Served during our "Dinner & Flowers: Tomato Fest" events.

1 28oz. Can Muir Glen Organic Fire Roasted Tomatoes Diced or Whole (Un-drained)

1 cup Pace Picante Sauce

2 TBS Lemon or Lime Juice

1 TBS Chopped Cilantro (Optional)

1 Clove Garlic Minced (Tube of Garlic at Grocery is a Great Short Cut)

1/4 tsp. Onion Powder

1 Whole Cucumber Very Thickly Sliced 

2 Stalks Celery Very Thickly Sliced 

1 Slice Thin Sliced White Bread

6-8 Grinds Salt 

6-8 Grinds Black Pepper

8-10 Shakes Tabasco


  1. Place tomatoes, picante sauce, lemon/lime juice, cilantro, garlic, onion powder, cucumber, celery, salt, pepper and tabasco into blender.

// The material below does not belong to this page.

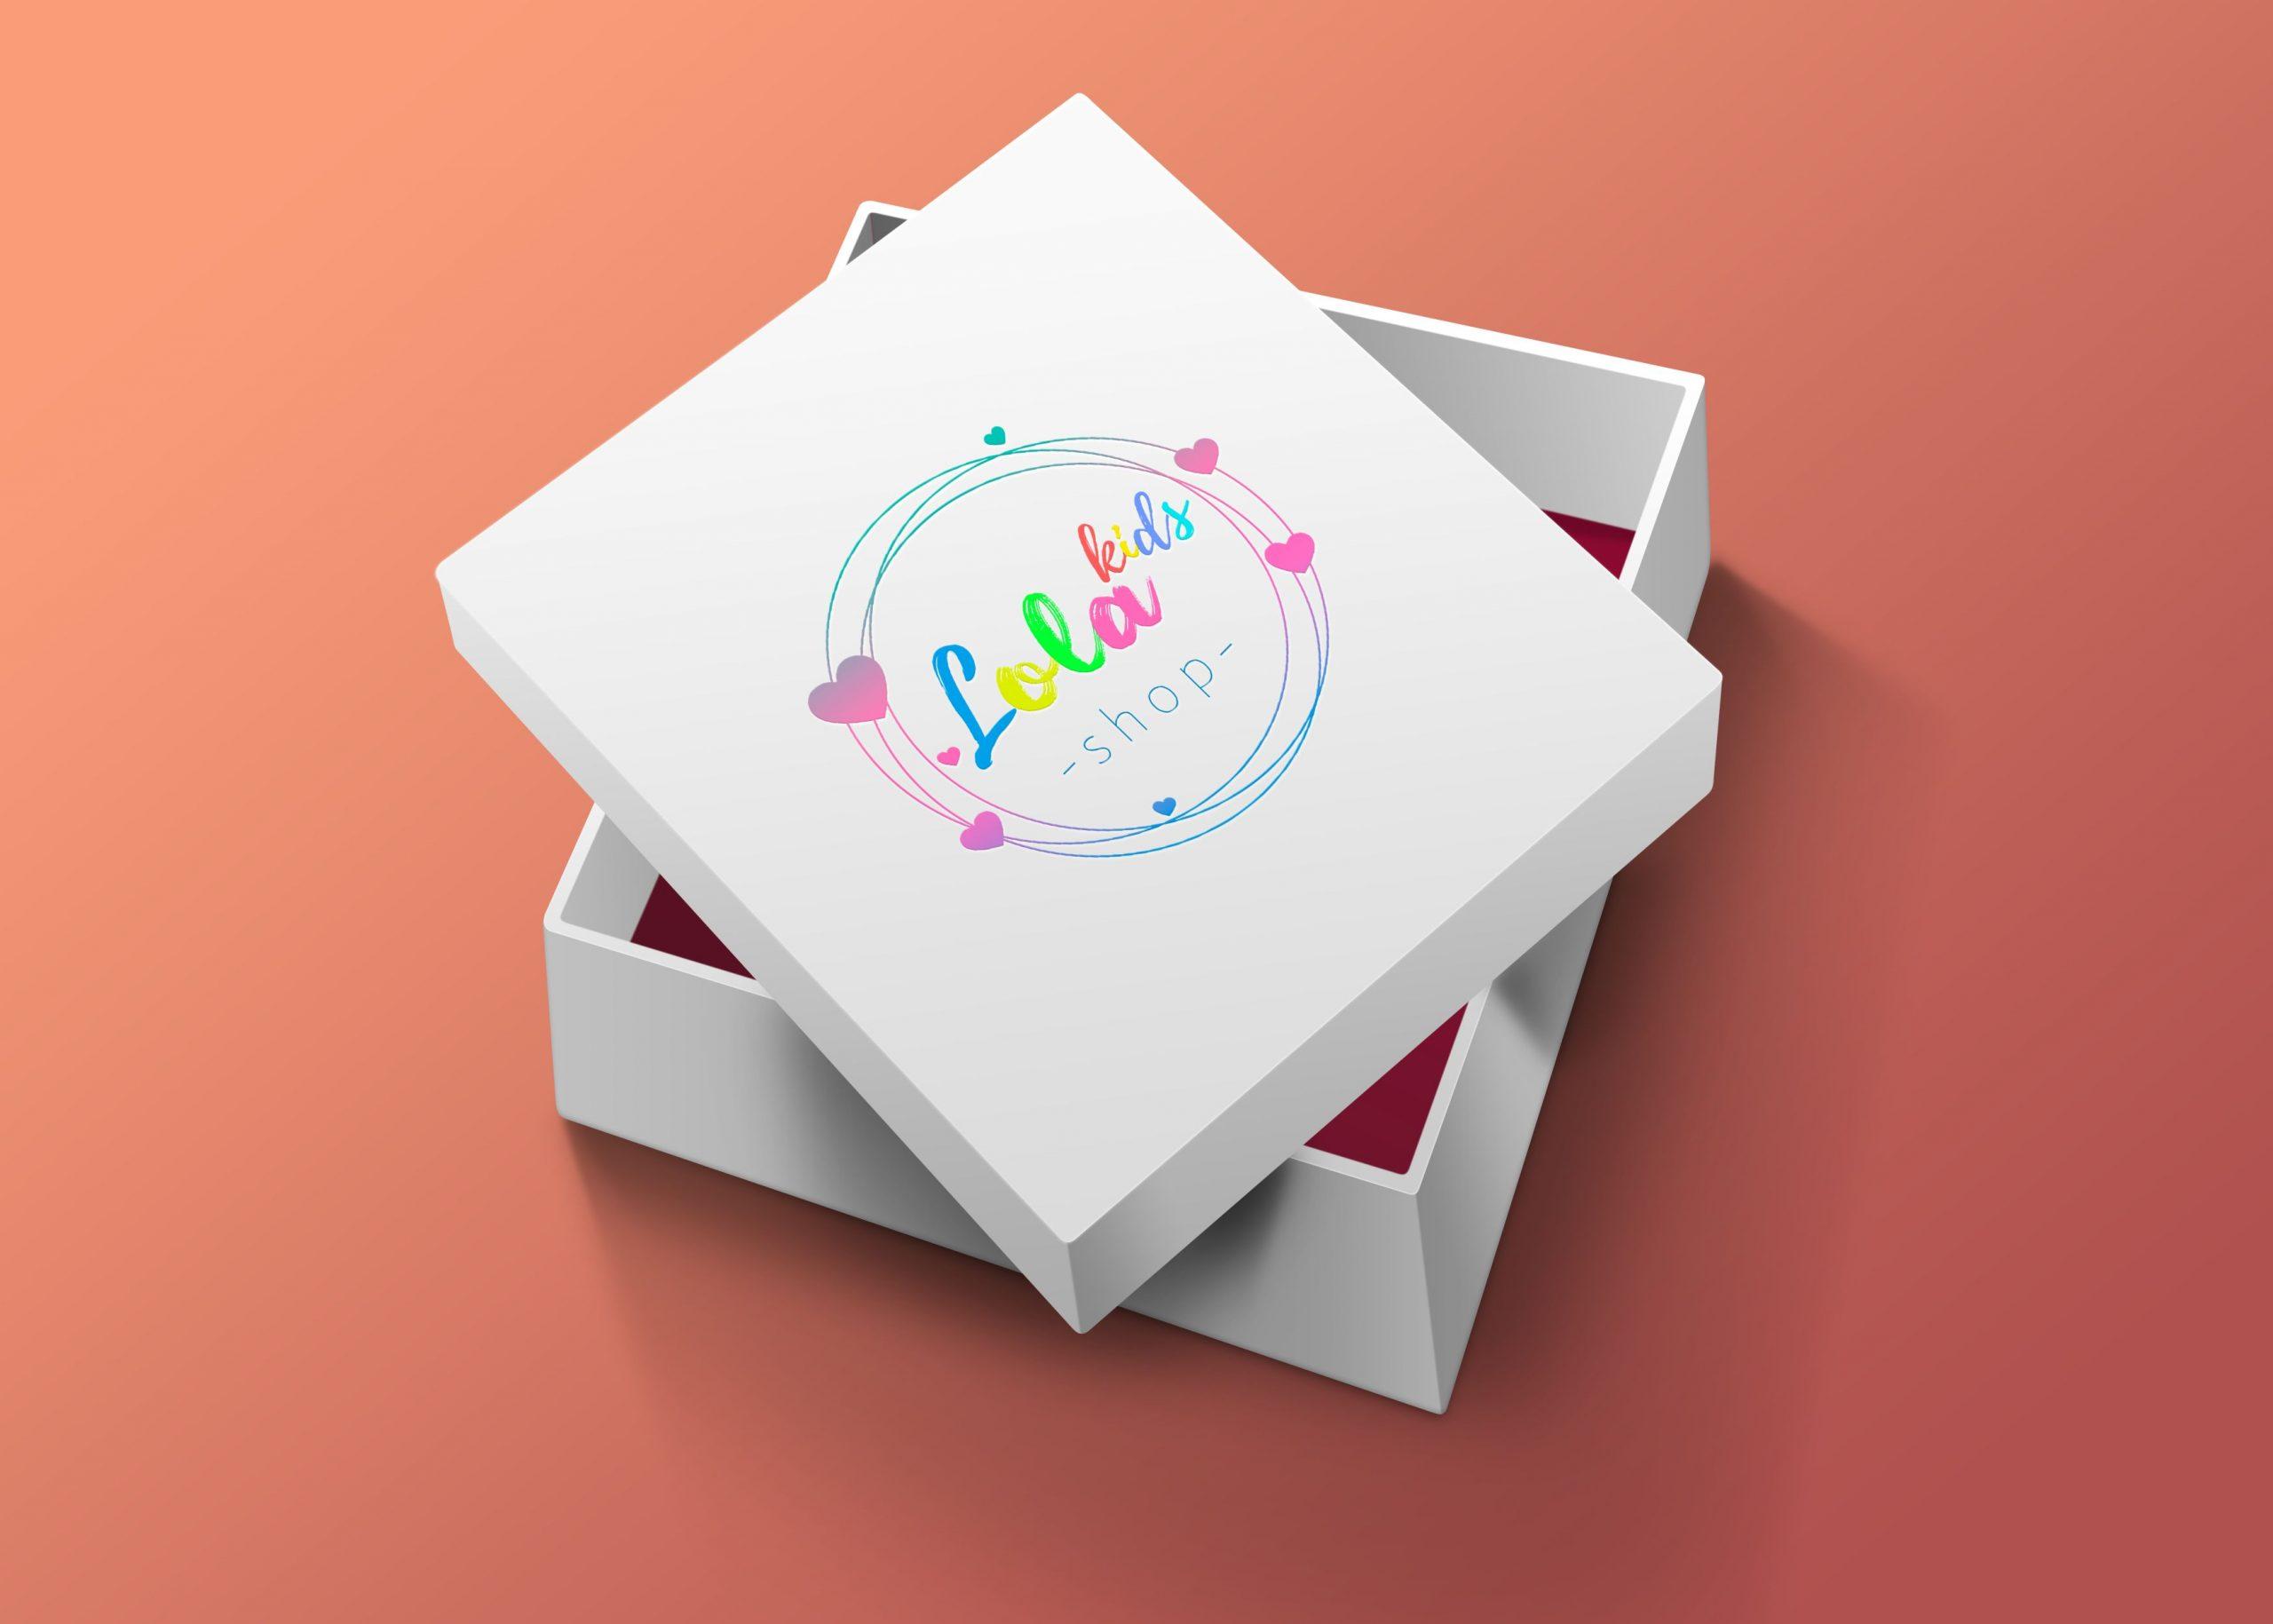 """Розробка логотипу для магазину """"Lola Shop"""""""

Tear up bread and add to blender. 
  2. Cover and process until smooth.
  3. Refrigerate for at least 2 hours.  
  4. Top with garnish: 
    Be creative! basil, finely chopped cucumbers, creme fraiche, sour cream or a chilled shrimp. 

Perfect to make several days in advance ... make entertaining easier!